Я сел.
— Проснулся, Петрович? — спросил Сима и осторожно поставил второй ящик под стол. Ящик был полон, поверх него лежали еще три бутылки. (Двенадцать, двенадцать и три... С ума сойти. Откуда столько денег?)
Танечка опустила сумку на пол и села в свой угол. Глаза у нее были красные, лицо какое-то усталое, всему покорное, а блузка опять расстегнута; Перехватив мой взгляд, Танечка повела плечом, но застегивать блузку не стала.
Сима упал на полку рядом со мной, обтер потное лицо рукавом свитера, потянулся к ящику на столе и обнаружил бутылку, стоявшую радом.
— Уже открыл, Петрович? Молодец! Танюха, давай закусь!
— Может, не надо? — спросила Танечка. — Глупость какая-то.
— Танюха, я тебе уже объяснял: это единственный способ! Молодой меня не слушал — и где теперь молодой? Этот, который по-ивритски сечет, тоже не слушал — и где он теперь со своим ивритским? Где афганец? Где мент? Где лысый с пацаном?
— Мальчик в поезде, — возразила Танечка. — В пятом купе, у Ядвиги Остаповны. Едет, хотя и не пьет.
— Он пацан, ему еще ни один дурдом не родной! Вот вырастет и определится — как папаня его определился. Ты на него, Петрович, не смотри, а наливай и пей. Тебе надо. Для поправки. Мы тоже сначала поправимся, а потом все вместе начнем квасить по-настоящему. До опупения.
Сима встал, заполнил пустую ячейку в ящике бутылкой снизу и, кряхтя, убрал ящик со стола на Олегову полку.
— Поправиться надо... — проговорил я (сипло, как Сима давеча).— Но квасить я не буду. Мне в Тайге выходить.

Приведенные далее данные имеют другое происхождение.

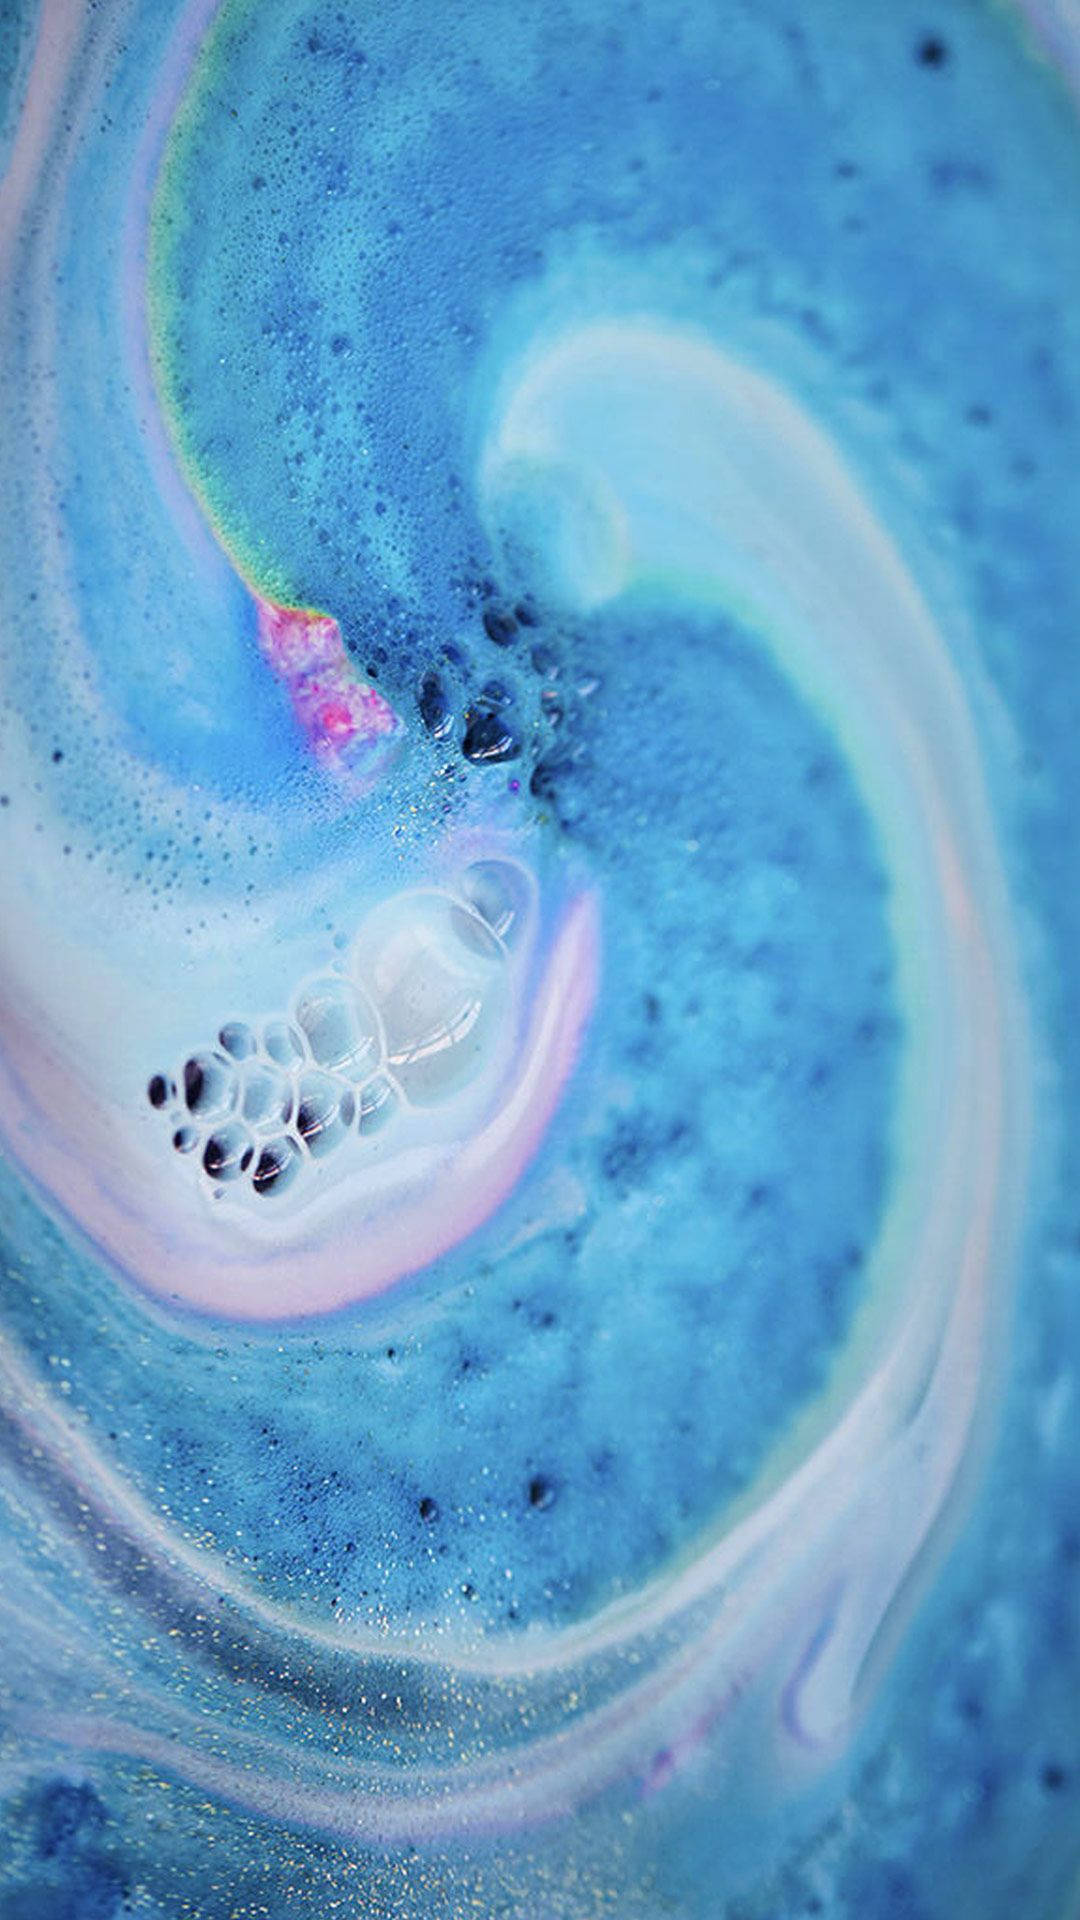 Embrace the Vibrance - Lush Bath Bomb Explosion Wallpaper

— В какой? — спросил Сима, садясь и дуя в стаканы.
— Станция так называется — Тайга, — пояснил я.
— Это я просек. На какой станции Тайга ты выходишь? Или тебе это похрен? Извини, Танюха.
— Он еще не знает, — сказала Танечка. —И не поверит, пока сам не увидит.
— Что я должен увидеть? — Мне опять стало нехорошо. — Чему поверить? И... где Олег?
Они молчали.
Я снова сунулся к окну. Буквы „ИРЮК“ никуда не делись.
— Это Бирюково, — сказал я не очень уверенно. — Или нет?
— Бирюково, Бирюково, — ответил Сима. — Давай закусь, Танюха. Поправимся, и пусть Петрович погуляет. Недолго.
— Гончие псы... — выговорил я, как выругался, и сел.
— Во-во, — согласился Сима и расплескал на два пальца по стаканам. — Начинаешь сечь, Петрович.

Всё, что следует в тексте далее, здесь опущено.